Goloboff Pablo A, Szumik Claudia A
Unidad Ejecutora Lillo, Consejo Nacional de Investigaciones Científicas y Técnicas, Miguel Lillo 251, 4000, S.M. de Tucumán, Argentina.
Cladistics. 2016 Feb;32(1):82-89. doi: 10.1111/cla.12111. Epub 2015 Jan 30.

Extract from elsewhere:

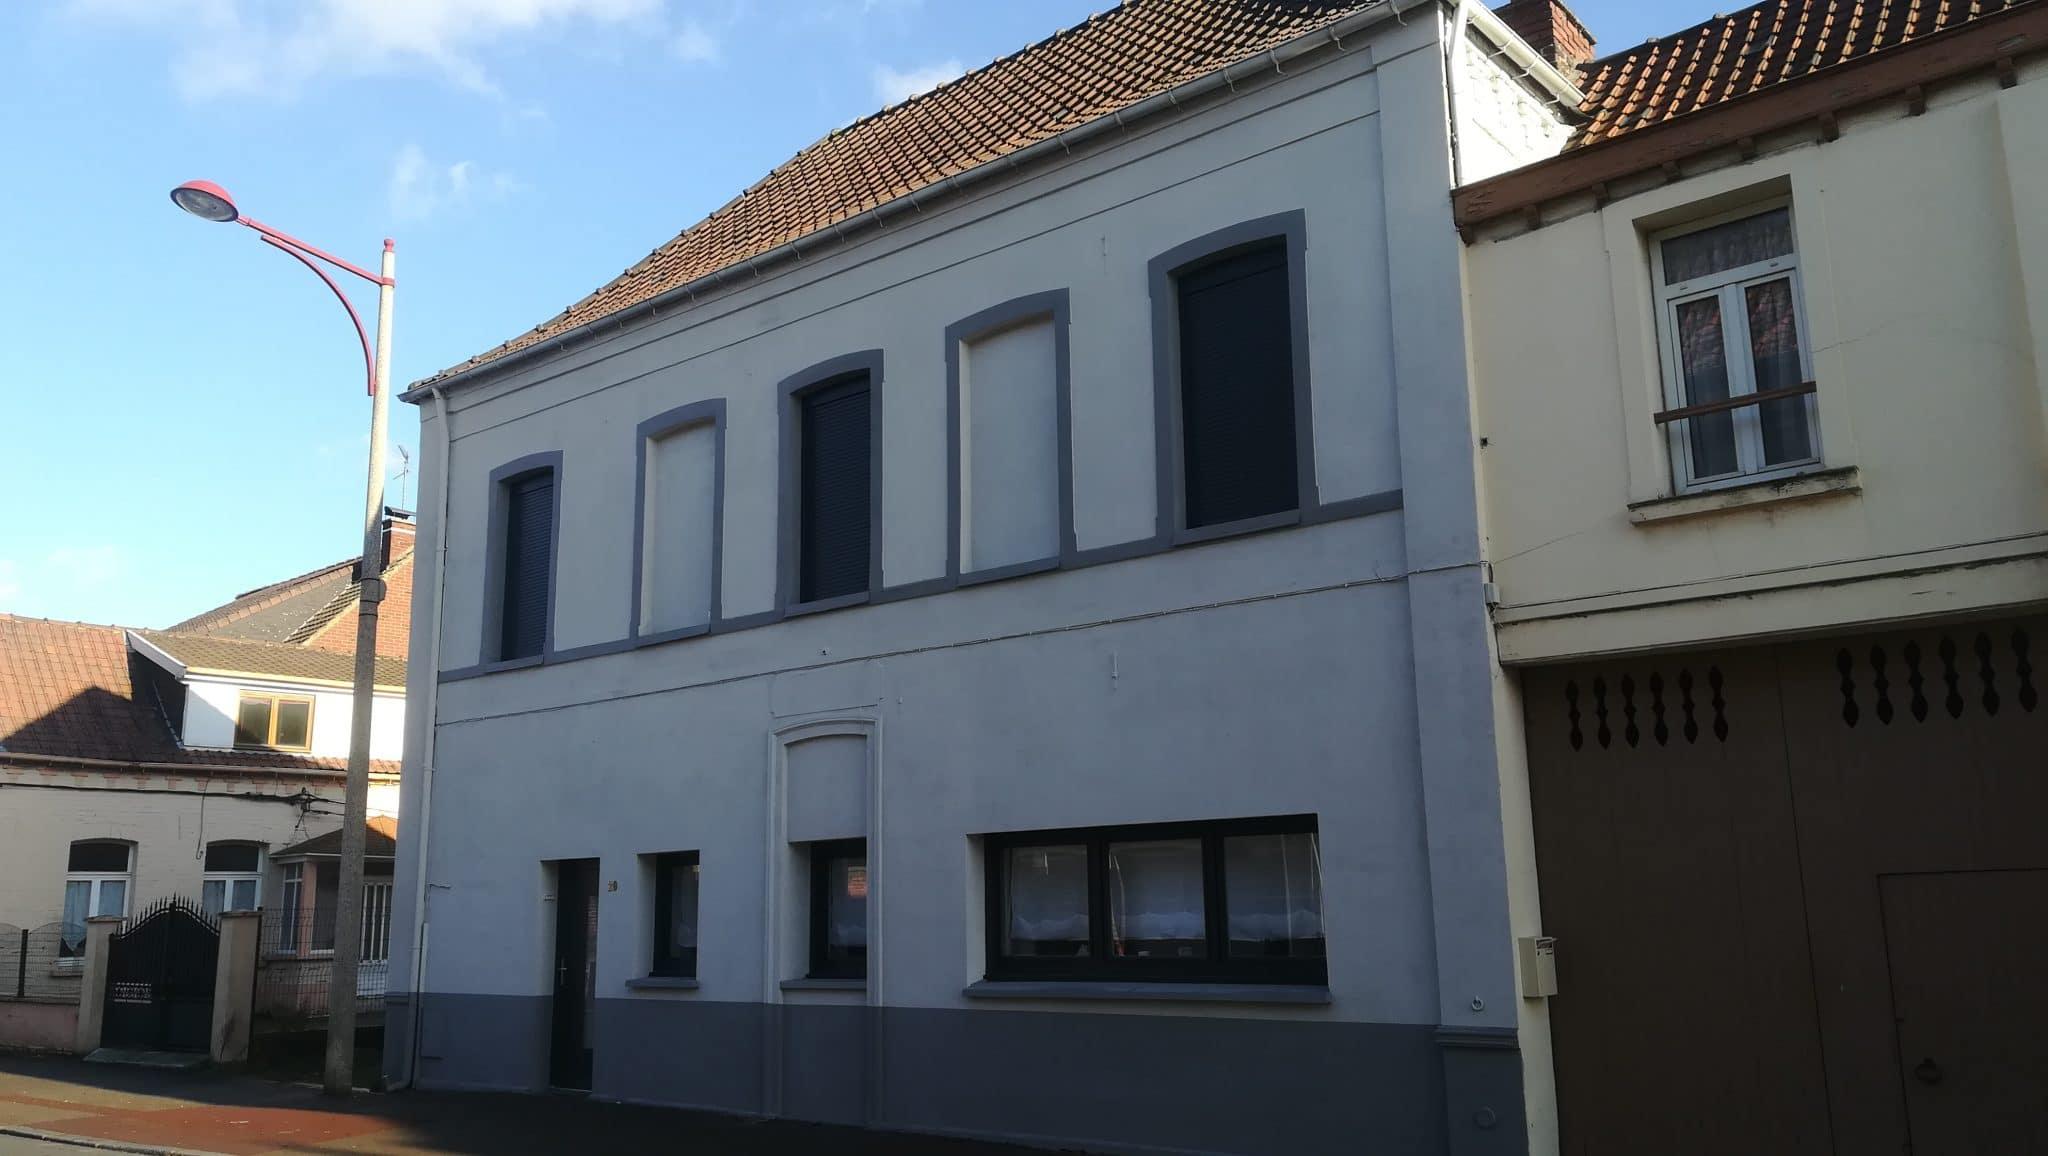 Rénovation d'une maison à Leforest dans le Pas-de-Calais (62)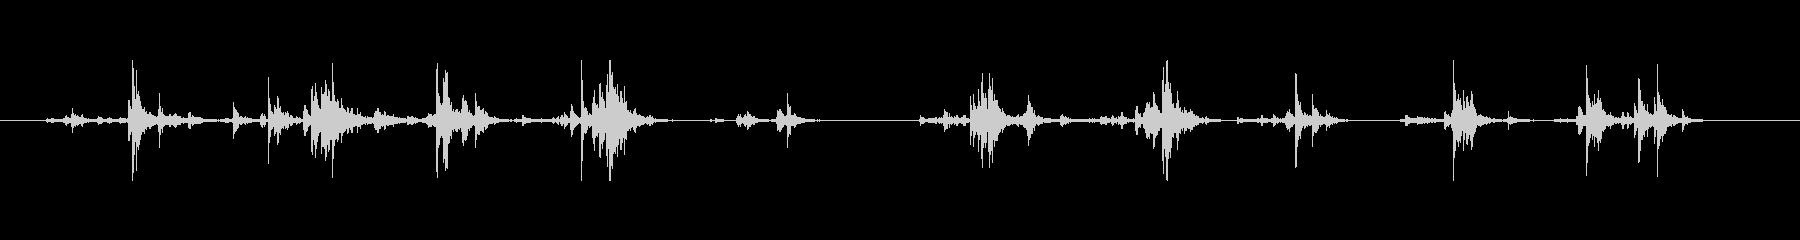 【筆箱01-8(振る)】の未再生の波形

This paper examines a recent proposal to calculate supertrees by minimizing the sum of subtree prune-and-regraft distances to the input trees. The supertrees thus calculated may display groups present in a minority of the input trees but contradicted by the majority, or groups that are not supported by any input tree or combination of input trees. The proponents of the method themselves stated that these are serious problems of "matrix representation with parsimony", but they can in fact occur in their own method. The majority rule supertrees, being explicitly clade-based, cannot have these problems, and seem much more suited to retrieving common clades from a set of trees with different taxon sets. However, it is dubious that so-called majority rule supertrees can always be interpreted as displaying those clades present (or compatible with) with a majority of the trees. The majority rule consensus is always a median tree, in terms of the Robinson-Foulds distances (i.e. it minimizes the sum of Robinson-Foulds distances to the input trees). In contrast, majority rule supertrees may not be median-different, contradictory trees may minimize Robinson-Foulds distances, while their strict consensus does not. If being "majority" results from being median in Robinson-Foulds distances, this means that in the supertree setting a "majority" is ambiguously defined, sometimes achievable only by mutually contradictory trees.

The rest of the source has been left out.